[Relax][TOPI] Add relax.vision.multibox_transform_loc for SSD/TFLite box decode#18942
[Relax][TOPI] Add relax.vision.multibox_transform_loc for SSD/TFLite box decode#18942tlopex merged 4 commits intoapache:mainfrom
Conversation
…box decode Introduce relax.vision.multibox_transform_loc with MultiboxTransformLocAttrs: decode center-size offsets against ltrb priors, softmax on class logits, and optional clip, threshold masking, and background score zeroing. Register the C++ op with FInferStructInfo checks for shapes and dtypes (including batch and 4*N consistency). Legalize to topi.vision.multibox_transform_loc. Add tests for struct inference, invalid inputs, Legalize+e2e on LLVM, attribute branches, and TVMScript roundtrip. Add a standalone numpy reference under topi/testing (not exported from tvm.topi.testing to avoid pulling scipy). Update TFLite frontend NotImplementedError text for DETECTION_POSTPROCESS and NON_MAX_SUPPRESSION_V5 to note multibox is available and link tracking issue apache#18928.
|
cc @tlopex |
There was a problem hiding this comment.
Code Review
This pull request introduces the multibox_transform_loc operator to TVM Relax, enabling SSD and TFLite-style box decoding.
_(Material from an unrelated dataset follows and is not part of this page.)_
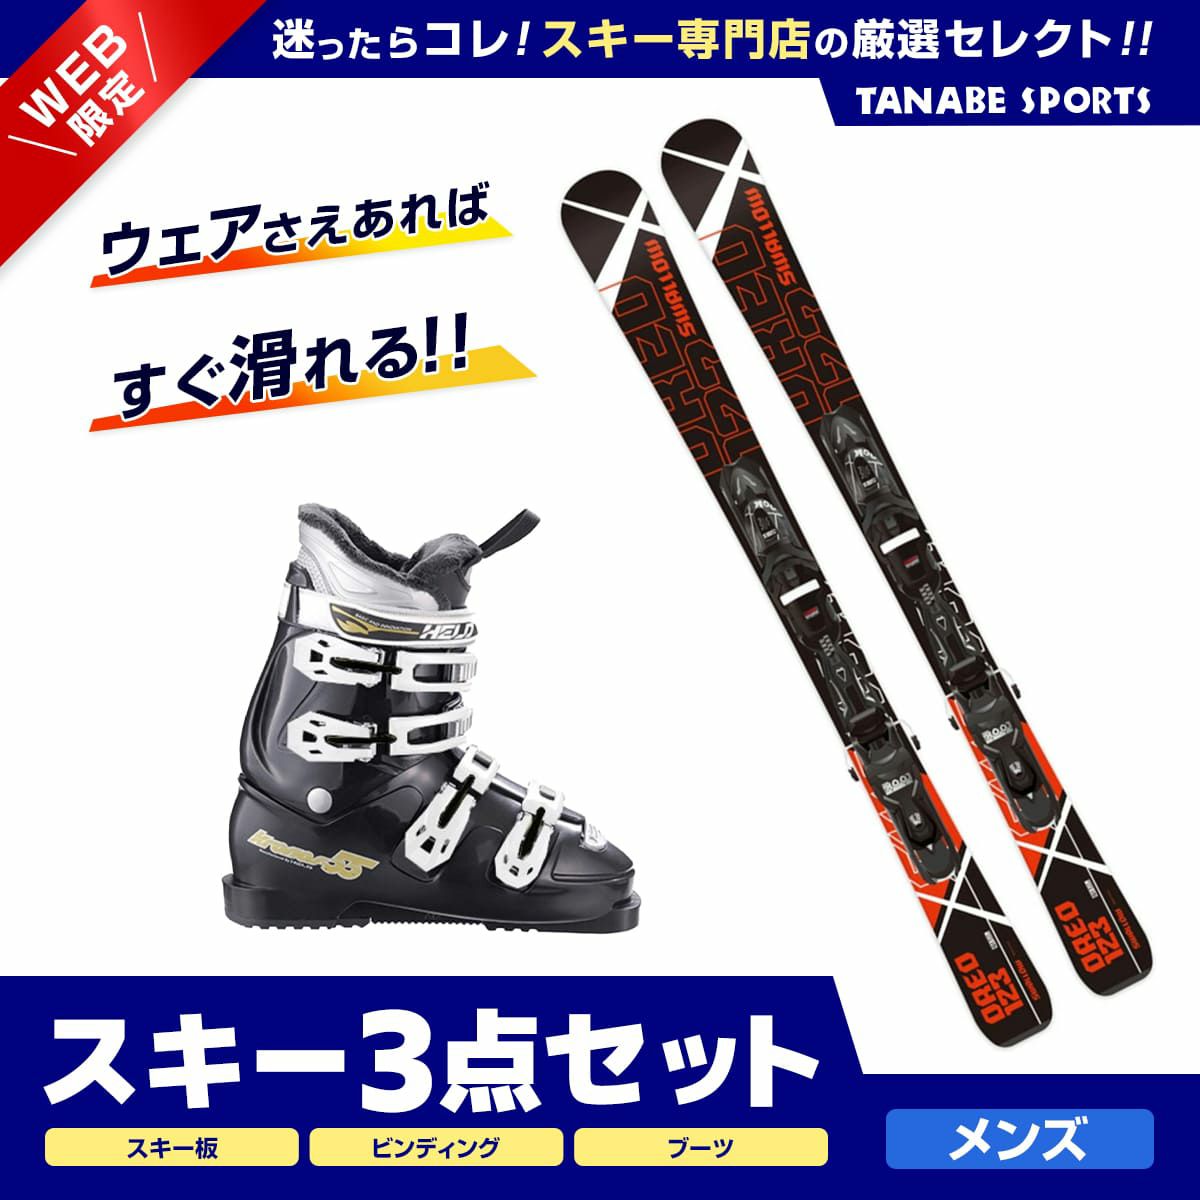 贅沢 ジュニアスキー5点セット スキー靴 カバー付き ディズニーミニー
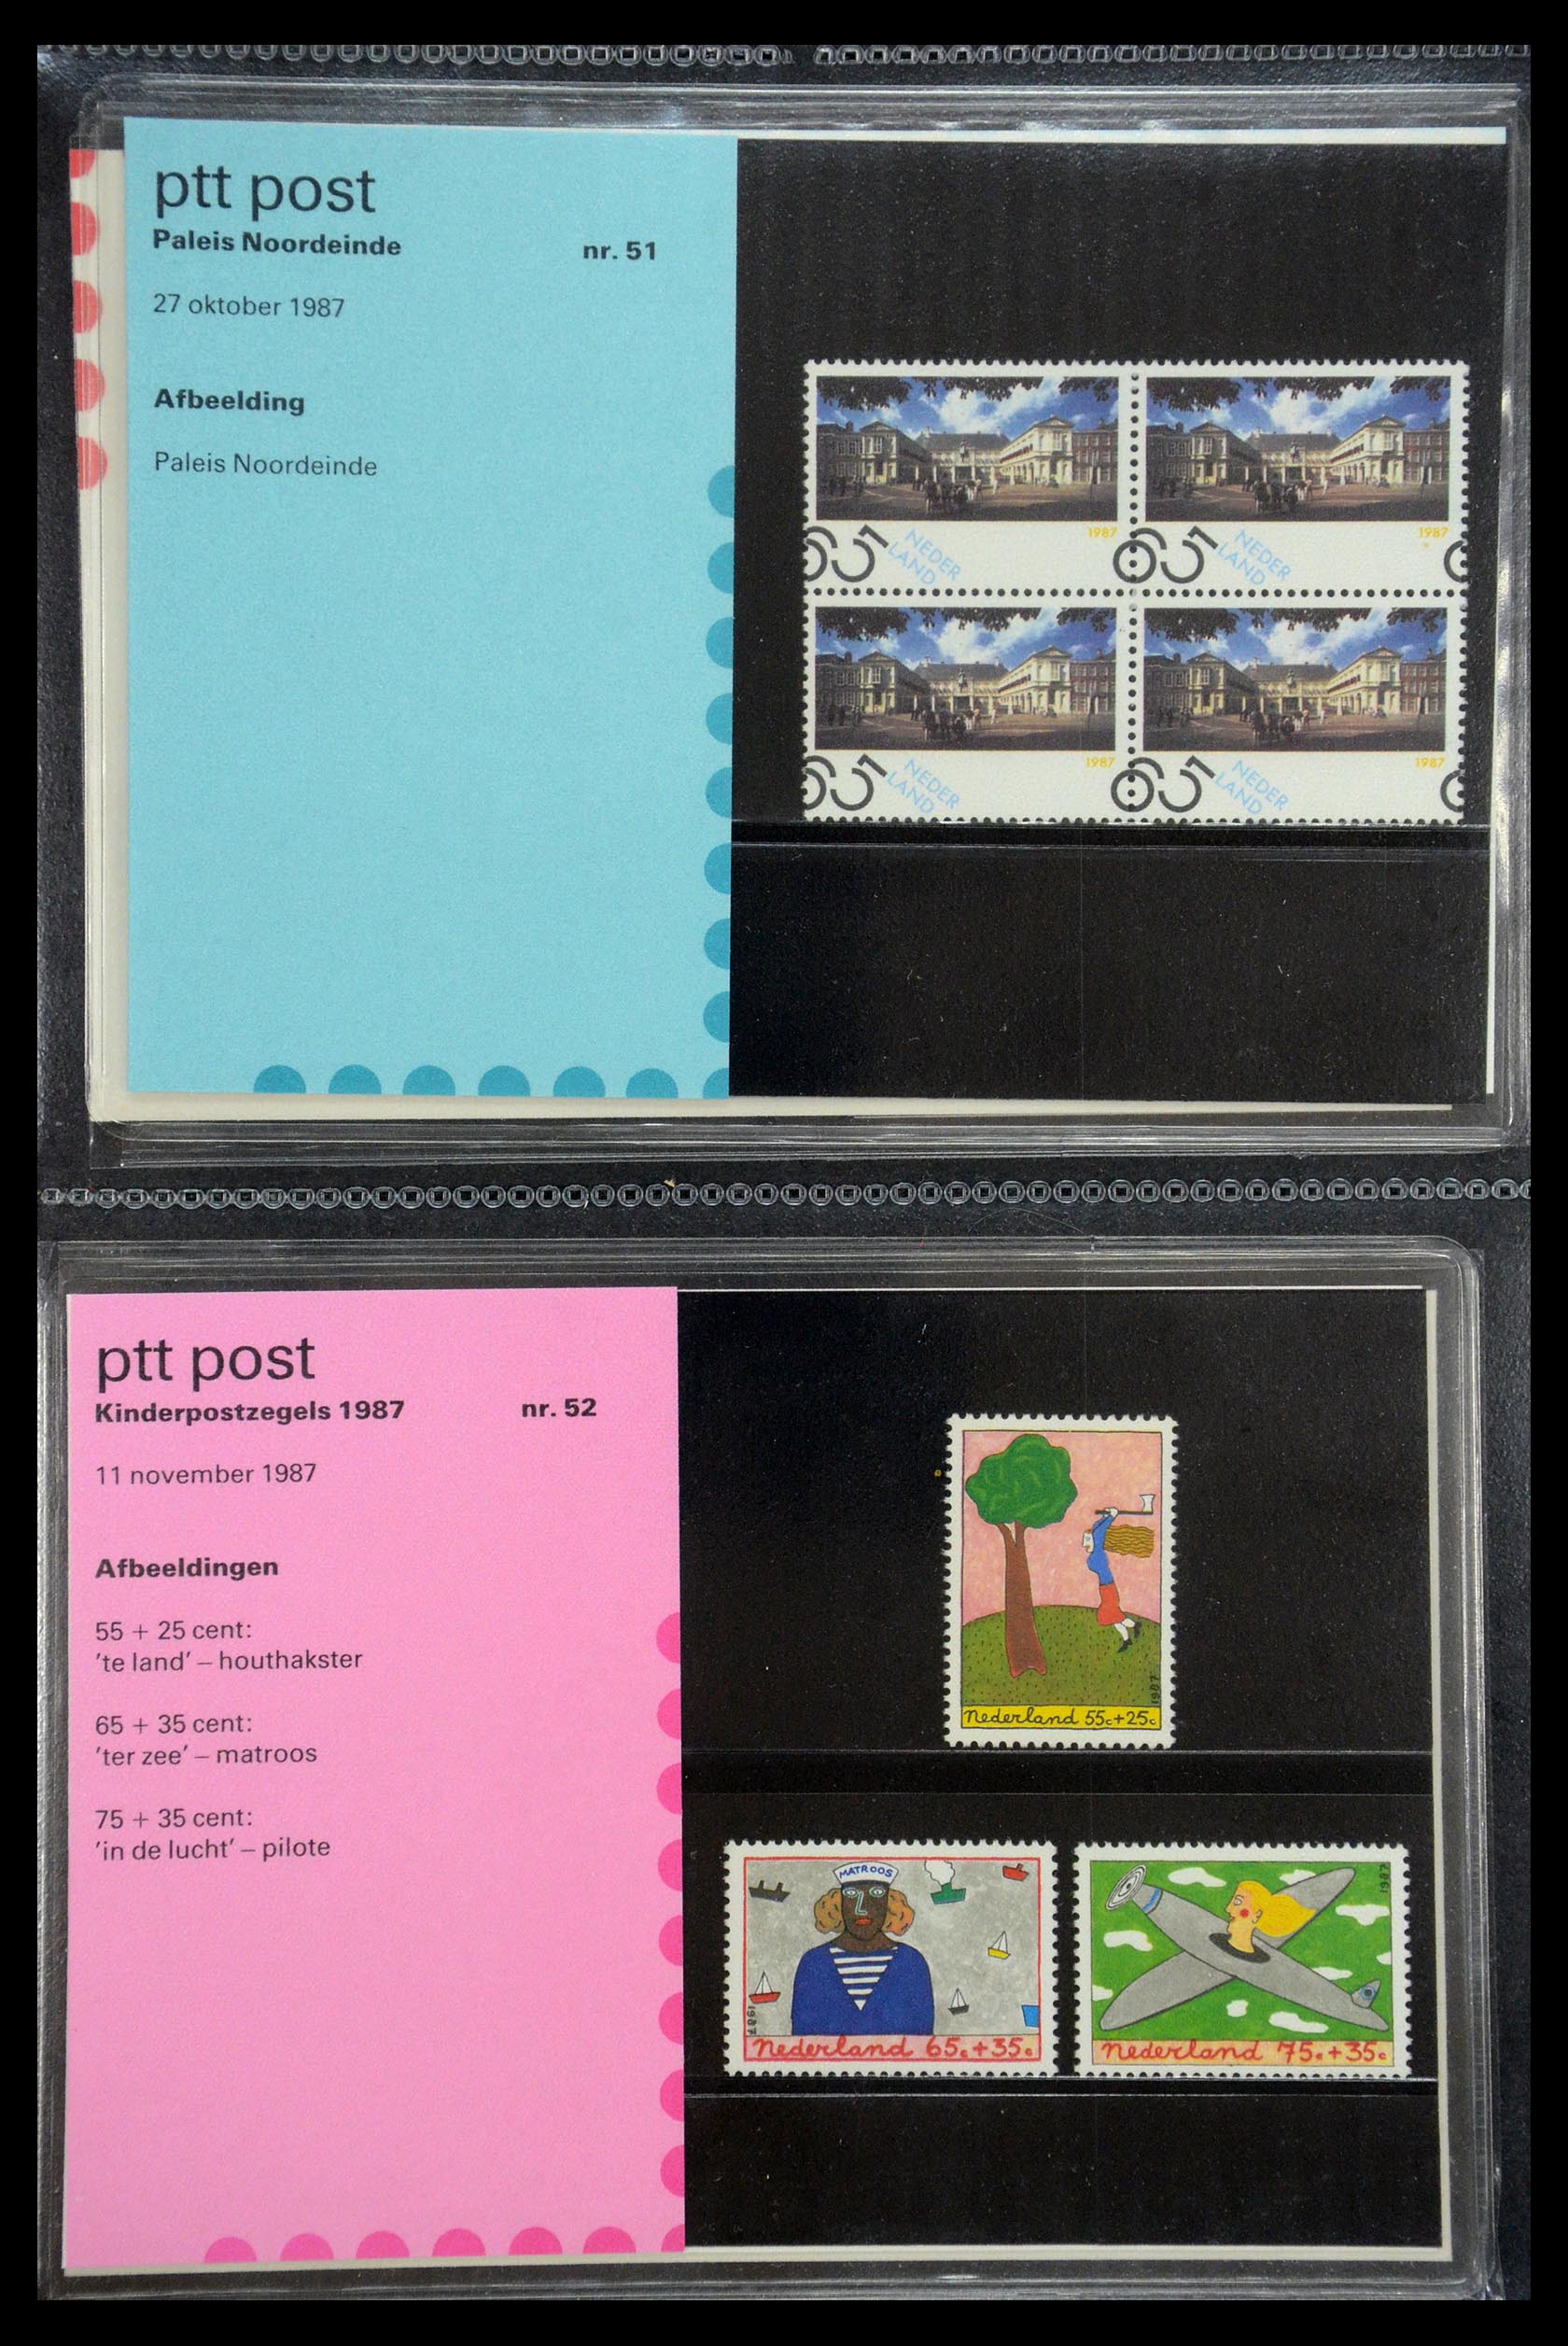 35187 026 - Stamp Collection 35187 Netherlands PTT presentation packs 1982-2019!

The implementation includes the Relax operator definition, C++ attributes, struct info inference, and a TOPI implementation using TE. Additionally, a NumPy reference implementation and comprehensive unit tests for correctness and TVMScript parsing are provided. Review feedback suggests simplifying nested conditionals in the TOPI implementation for better readability and removing redundant type casts in the reference implementation.
tlopex
left a comment
There was a problem hiding this comment.
Some issues need to be improved
- There are still a couple of lines over the 100-column limit in
multibox_transform_loc.cc. Also, the UTF-8→in the argument description should probably be replaced with->orto. topi/testing/multibox_transform_loc_python.pylooks unused right now — the tests already carry an identical inline copy. Either reuse the helper fromtopi/testingor remove the dead file.test_multibox_transform_loc_wrong_shape_relationdoes not currently hit the cross-shape validation, sinceloc_pred.shape[1] == 19already fails the divisibility check. Please add a case like24to cover the intended path.- The LLVM E2E tests should be marked with
@tvm.testing.requires_llvmso they skip cleanly on shards without LLVM. - All current E2E tests use variances = (1.0, 1.0, 1.0, 1.0), so the variance scaling logic is effectively a no-op in test coverage. It would be good to add a case with non-unity variances (e.g. (0.1, 0.1, 0.2, 0.2)) to exercise that path end-to-end.
|
cc @tlopex |
- multibox_transform_loc.cc: wrap long lines, ASCII loc_pred doc (no Unicode arrow). - vision.h: wrap MultiboxTransformLoc clip reflection line to 100 cols. - Remove unused topi/testing/multibox_transform_loc_python.py; keep numpy ref in tests. - test_op_vision: loc_dim=24 vs 4*N infer case; @tvm.testing.requires_llvm on LLVM e2e (multibox + all_class_nms); add e2e with non-unity variances.
tlopex
left a comment
There was a problem hiding this comment.
Overall LGTM,
A few minor follow-ups:
- Please consider documenting that shape cross-checking is partial when
cls_shapeis unknown. - Please consider adding a short note on the expected
variancesrange, since very large values could overflowte.exp(...).
|
@tlopex Thanks for the follow-ups — addressed in the latest commit. We documented that when cls_pred has unknown shape, FInferStructInfo only returns generic rank-3 outputs and skips N-based cross-checks (e.g. loc_pred.shape[1] == 4*N and anchor.shape[1] == N) in a Doxygen note on InferStructInfoMultiboxTransformLoc, the op .describe(...) string, and the Python op docstring Notes. We also added a short warning that very large w/h variances can overflow exp in the half-height/width decode path, in MultiboxTransformLocAttrs reflection text, the Python variances parameter docs, and the same op description. |
|
Thank you! LGTM |
Introduce relax.vision.multibox_transform_loc with MultiboxTransformLocAttrs: decode center-size offsets against ltrb priors, softmax on class logits, and optional clip, threshold masking, and background score zeroing. Register the C++ op with FInferStructInfo checks for shapes and dtypes (including batch and 4*N consistency). Legalize to topi.vision.multibox_transform_loc.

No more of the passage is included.